As we are at a critical turning point, taking action to limit global temperature rise to 1.5°C above pre-industrial levels has become vital for accelerating and scaling up private capital flows needed for a climate resilient, net-zero transition.
Submitted before COP27 by 602 investor signatures representing almost US$42 trillion in assets under management, this statement is coordinated by the Investor Agenda – a common leadership agenda made up of AIGCC, CDP, Ceres, IGCC, IIGCC, PRI and UNEP FI.
The latest scientific findings
Climate change has become a major global concern over the past two decades.
As explained in a recent article published on Science, these changes may lead to abrupt, irreversible, and dangerous impacts with serious implications for humanity. The urgency of taking action has been reinforced by the 6th Assessment Report from the Intergovernmental Panel on Climate Change (IPCC), which anticipates that global warming could exceed 1.5ºC by as early as 2040 unless global greenhouse gas emissions are significantly reduced.
The International Energy Agency’s (IEA’s) 2021 World Energy Outlook warns that current climate commitments and investments in clean energy, and in the net-zero transition are far below the level needed to ensure that global average temperature rise is limited to 1.5ºC.
Five climate actions asked to governments globally
Investors, that signed this statement, have urged governments globally to entrench five priority climate actions – such as medium and long-term climate strategies, transitioning energy away from fossil fuels, ending deforestation, bolstering climate finance and strengthening disclosures – into their national legislation.
The full asks can be found in the statement but a summary of the 2022 policy requests to governments are as follow:
1. Ensure that the 2030 targets in their Nationally Determined Contributions align with the goal of limiting global temperature rise to 1.5°C.
2. Take early action to ensure these targets are met by implementing domestic policies across the real economy, including carbon pricing mechanisms, a deadline to phase out subsidies for fossil fuels and thermal coal power, and targets to peak and then phase out the use of other fossil fuels, while developing transparent just transition plans and guaranteeing long-term resilience and energy security.
3. Contribute to the reduction in non-carbon dioxide greenhouse gas emissions and support the effective implementation of the Global Methane Pledge to reduce emissions by at least 30 percent from 2020 levels by 2030.

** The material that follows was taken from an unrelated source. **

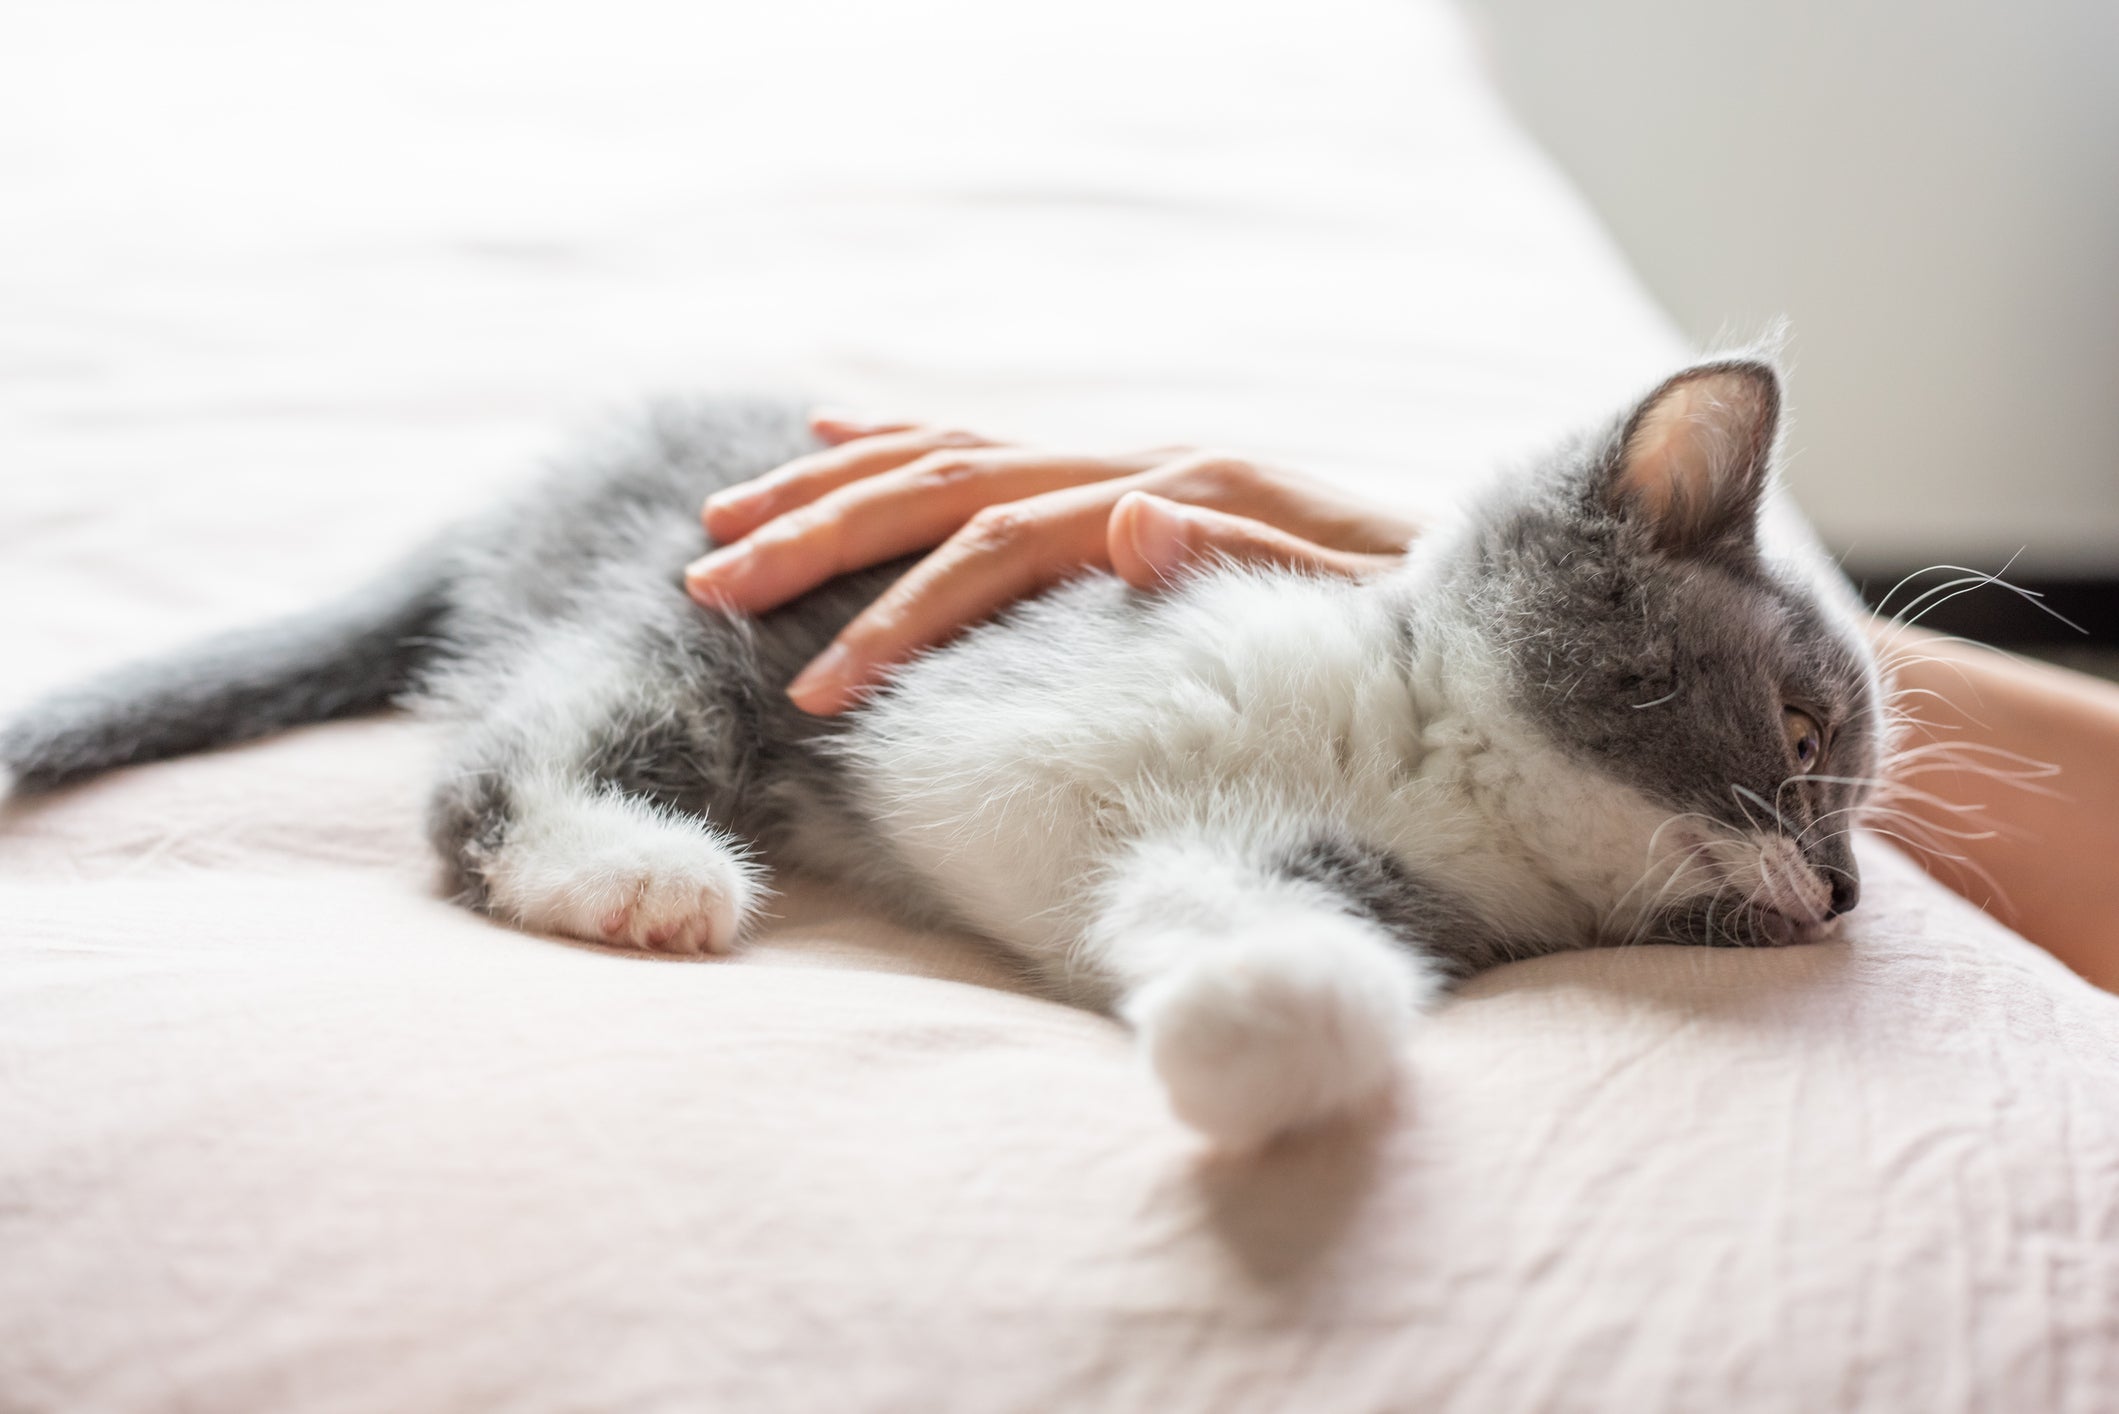 Gato filhote cinza e branco deitado em cama recebendo carinho de mão humana

4. Building on the agreed outcomes of COP26, enable climate finance from the public and the private sector for mitigation, adaptation, and resilience, with a particular focus on the needs of developing countries.
5. Strengthen climate disclosures across the financial system, including transition plans.
Shaping global action: our commitment to respond on climate crisis
As mentioned in the IPCC’s 6th Assessment Report, there is a linkage between climate change and vulnerable environmental, social and economic systems, including food and agriculture, energy, water resources, nature and biodiversity and that certain ecosystem impacts are already irreversible. We recognize that private capital will play a strong and significant role in mobilizing finance towards a net-zero transition in line with the Paris Agreement’s goals.
Etica asks companies, which its funds are invested in, to embed science-based net-zero goals and strategies into their management policy, engaging them to commit with their climate-related actions. We therefore ask them for targets to be set, and we monitor their pathway in achieving them. Companies succeeding in meeting their targets are better equipped to deal with climate change issues’ risks and can benefit from opportunities of the transition to a net-zero emissions economy as well.
As indicated in the United Nations Global Compact, “corporate climate action plays an essential part in sending market signals for countries to enhance climate policy. More and more businesses are seeing opportunity in the zero-carbon economy and taking action on climate change. Governments must use this as a strong vote of confidence and advance ambitious policies that provide companies with the clarity and confidence they need to unlock further investments in climate solutions.”